Downloading data from https://storage.googleapis.com/tensorflow/tf-keras-datasets/imdb.npz


In [6]:
# Padding sequences to ensure uniform input size
x_train = pad_sequences(x_train, maxlen=max_length, padding='post', truncating='post')
x_test = pad_sequences(x_test, maxlen=max_length, padding='post', truncating='post')

In [7]:
# Building the model
model = Sequential()
model.add(Embedding(vocab_size, embedding_dim, input_length=max_length))


In [8]:
# Adding multiple LSTM layers with Bidirectional wrapper
for _ in range(num_layers - 1):
    model.add(Bidirectional(LSTM(lstm_units, return_sequences=True)))
    model.add(Dropout(dropout_rate))


In [9]:
# Final LSTM layer
model.add(Bidirectional(LSTM(lstm_units)))
model.add(Dropout(dropout_rate))


In [11]:
# Output layer
model.add(Dense(1, activation='sigmoid'))

In [12]:
# Compile model
model.compile(loss='binary_crossentropy', optimizer='adam', metrics=['accuracy'])

In [13]:
# Train the model
model.fit(x_train, y_train, batch_size=batch_size, epochs=epochs, validation_data=(x_test, y_test))

Epoch 1/5
Epoch 2/5
Epoch 3/5
Epoch 4/5
Epoch 5/5


<keras.callbacks.History at 0x22005c0fc40>

In [14]:
# Evaluate model
test_loss, test_acc = model.evaluate(x_test, y_test)
print(f"Test Accuracy: {test_acc:.4f}")

Test Accuracy: 0.8302


## Task 2

In [15]:
import numpy as np

In [16]:
def load_data(filename):
    sentences, sentence, tags, tag_seq = [], [], [], []
    with open(filename, 'r', encoding='utf-8') as f:
        for line in f:
            line = line.strip()
            if not line:
                sentences.append(sentence)
                tags.append(tag_seq)
                sentence, tag_seq = [], []
            else:
                word, tag = line.split()
                sentence.append(word)
                tag_seq.append(tag)
    return sentences, tags

In [20]:
train_sentences, train_tags = load_data("lab5/train_pos.txt")
test_sentences, test_tags = load_data("lab5/test_pos.txt")

In [21]:
# === 2. Creating Token dictionaries ===
word2idx = {"<PAD>": 0, "<UNK>": 1}  # Special Characters
tag2idx = {"<PAD>": 0}
for sent in train_sentences:
    for word in sent:
        if word not in word2idx:
            word2idx[word] = len(word2idx)

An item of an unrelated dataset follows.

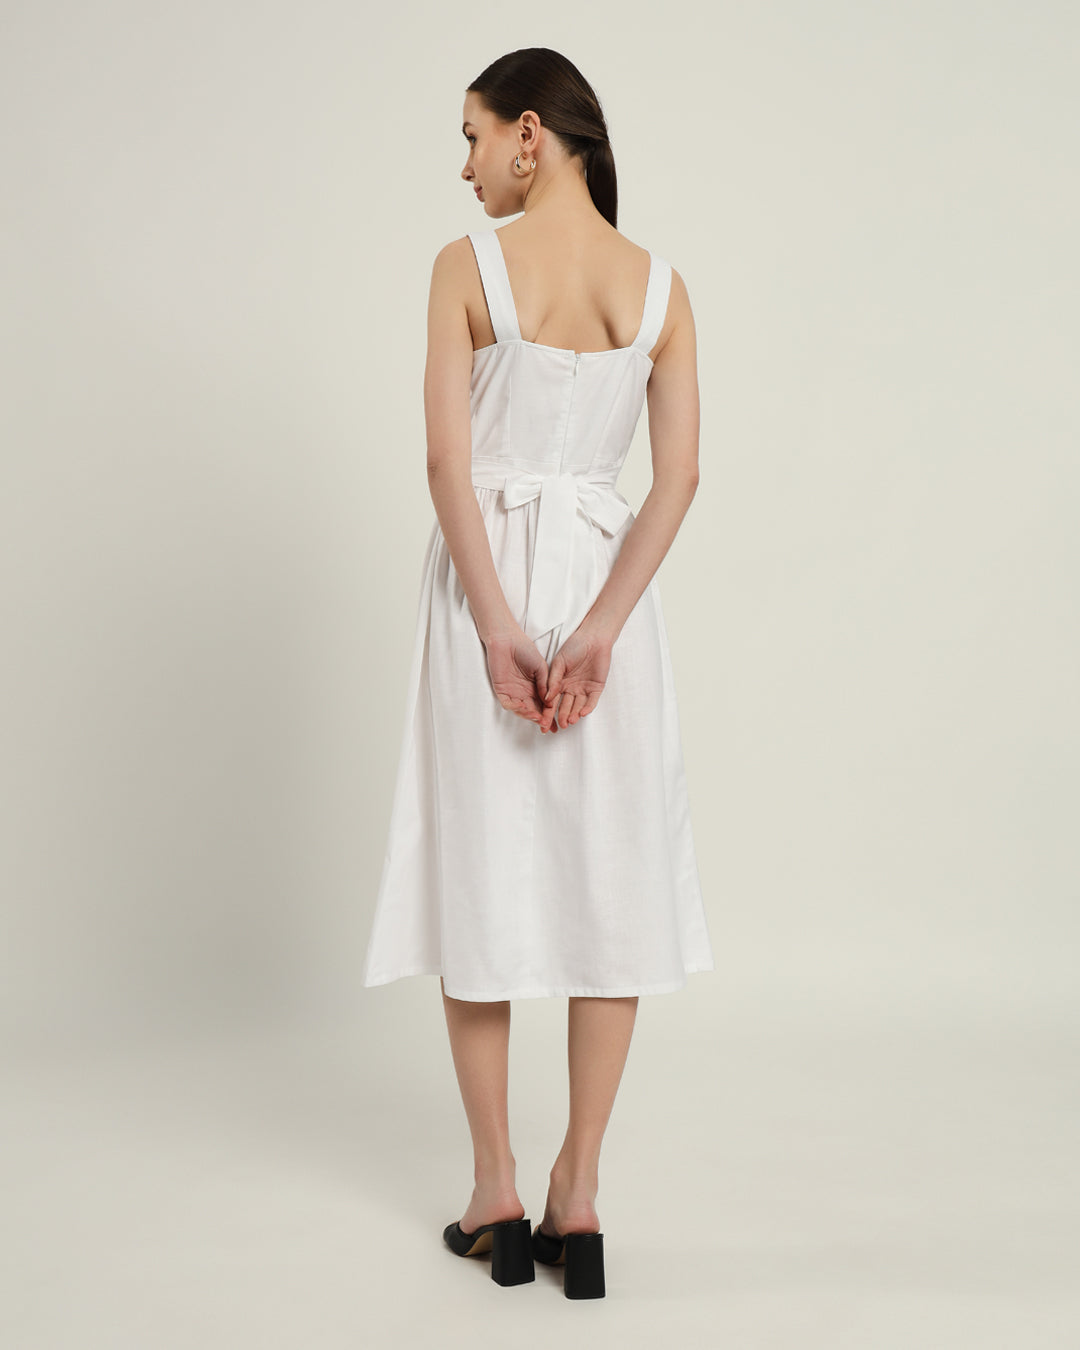 The Mihara Daisy White Linen Dress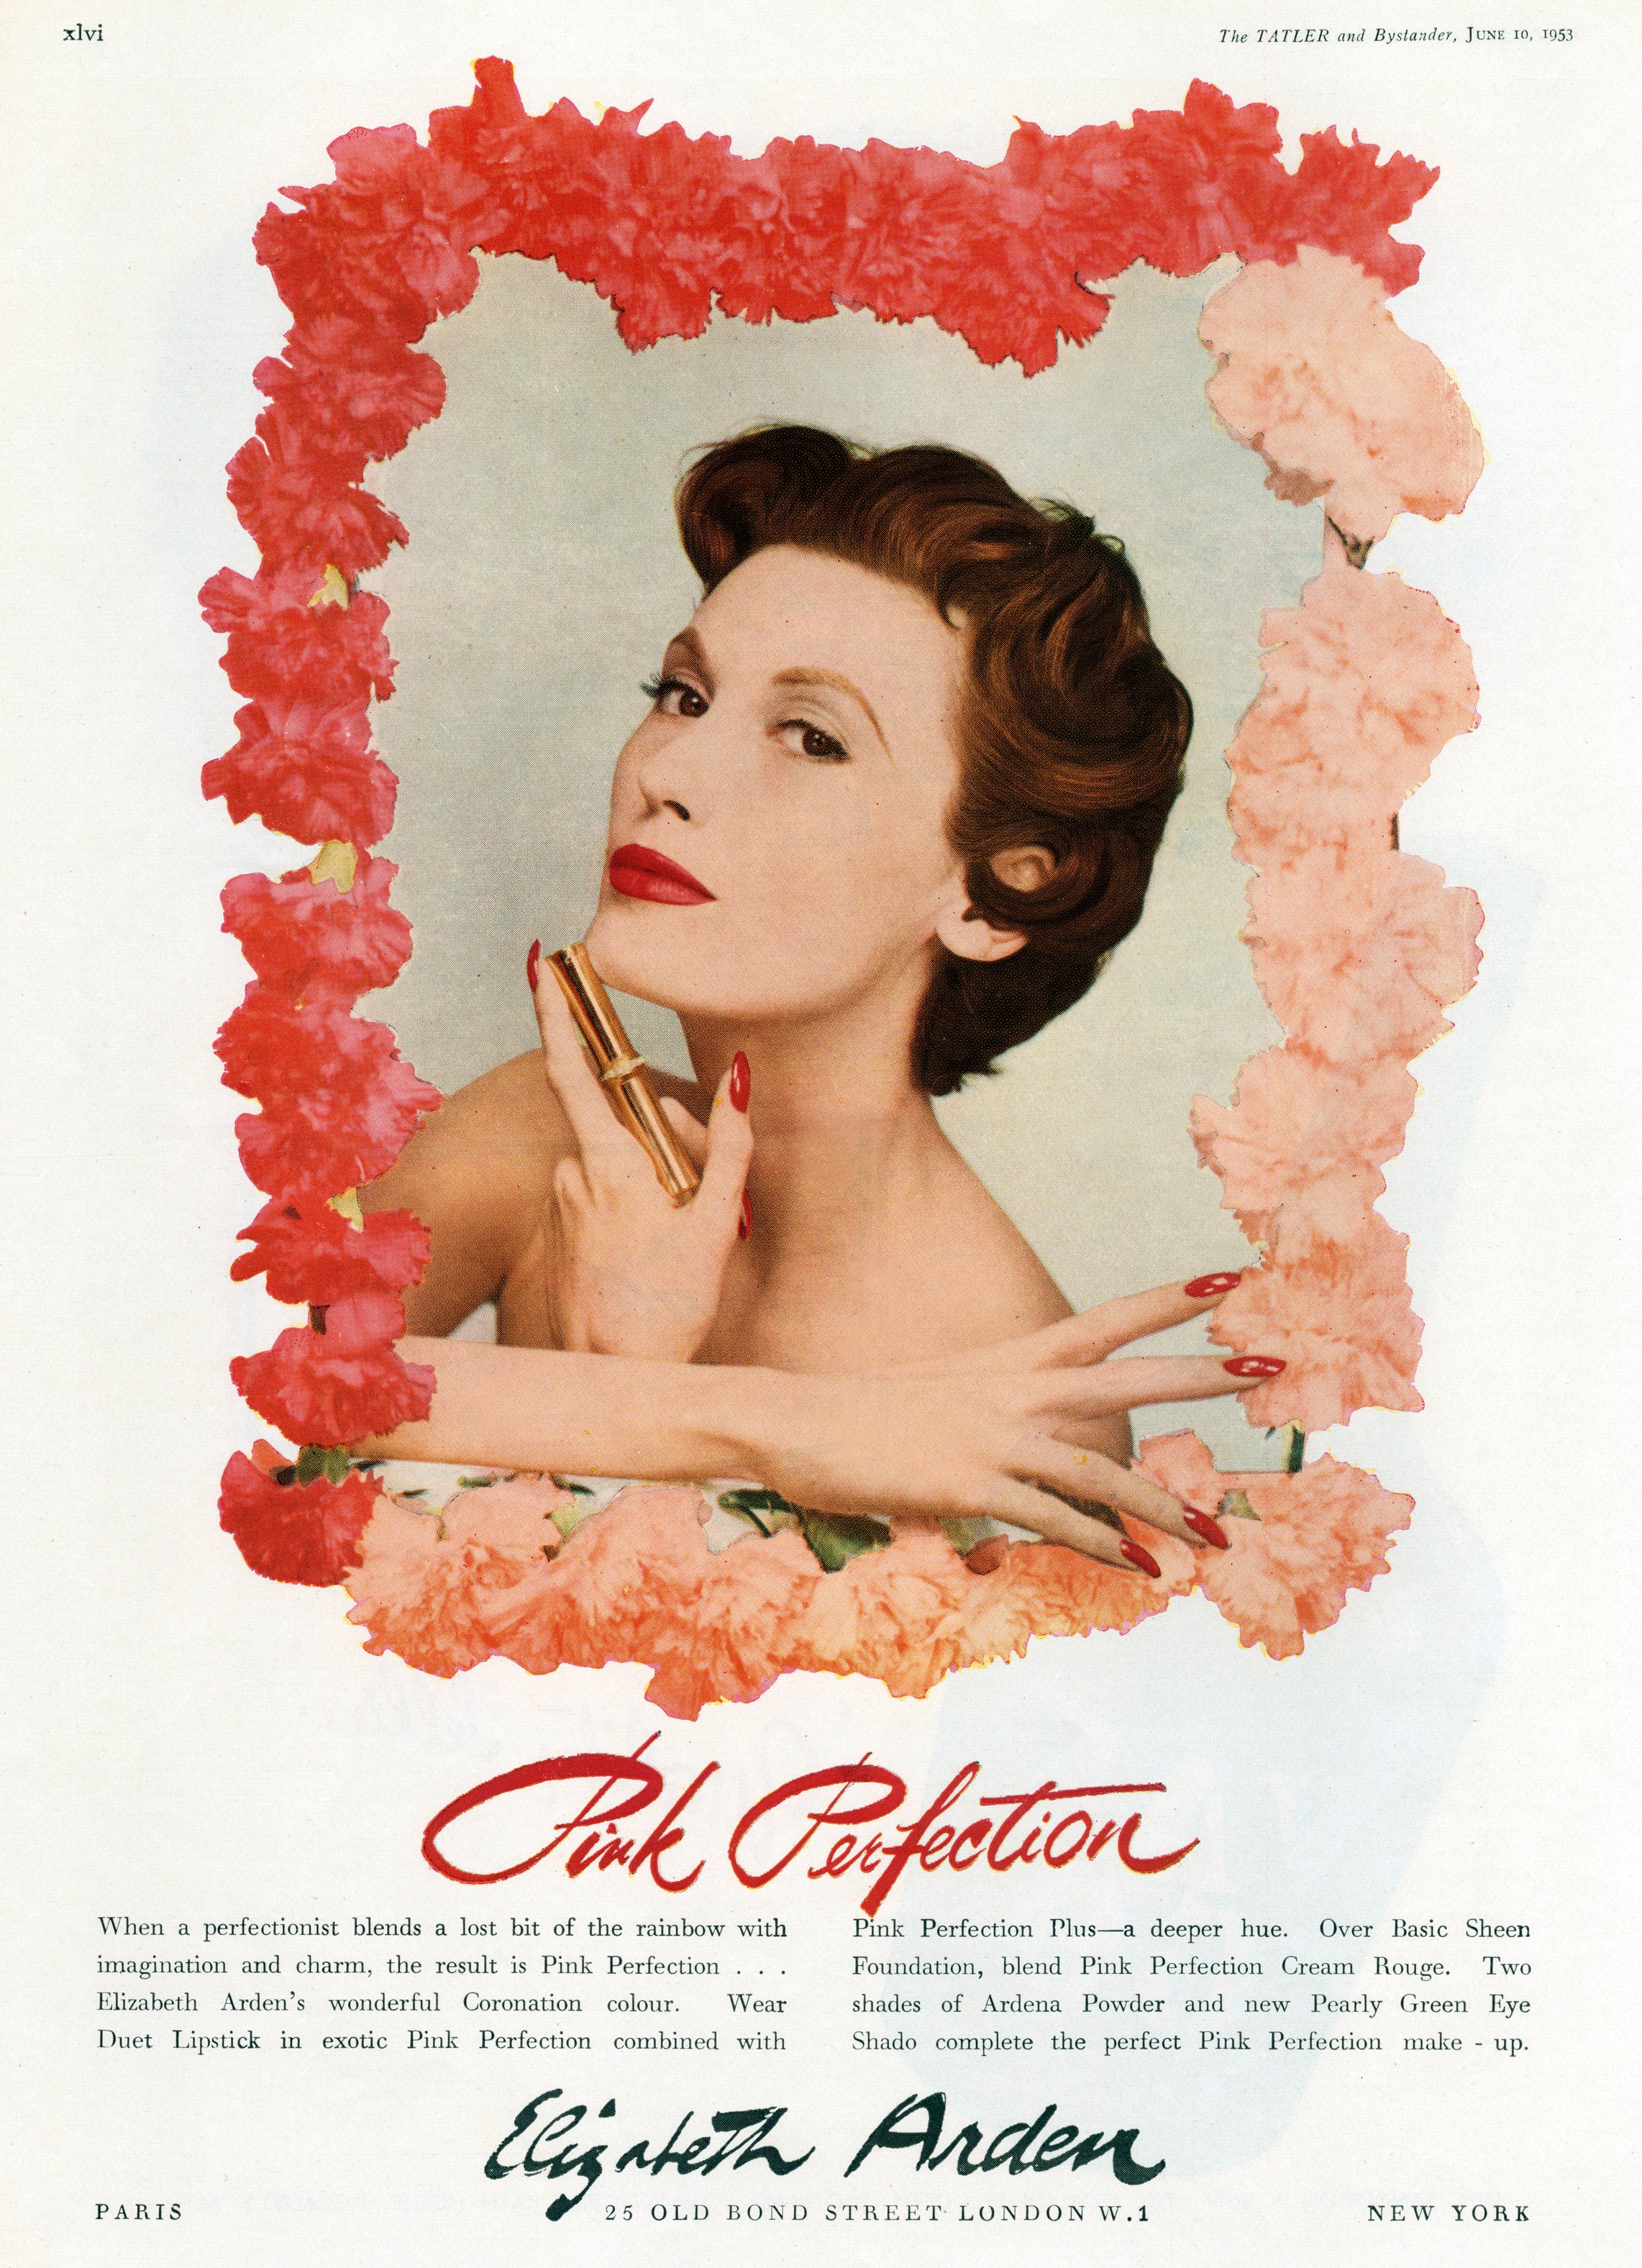 English advertisement for Elizabeth Arden lipstick, june 1943

for tag_seq in train_tags:
    for tag in tag_seq:
        if tag not in tag2idx:
            tag2idx[tag] = len(tag2idx)

idx2tag = {i: tag for tag, i in tag2idx.items()}

In [22]:
# === 3. Converting to numeric tensors ===
max_len = max(len(s) for s in train_sentences)  # Maximum sentence length

X_train = [[word2idx.get(word, 1) for word in sent] for sent in train_sentences]
X_test = [[word2idx.get(word, 1) for word in sent] for sent in test_sentences]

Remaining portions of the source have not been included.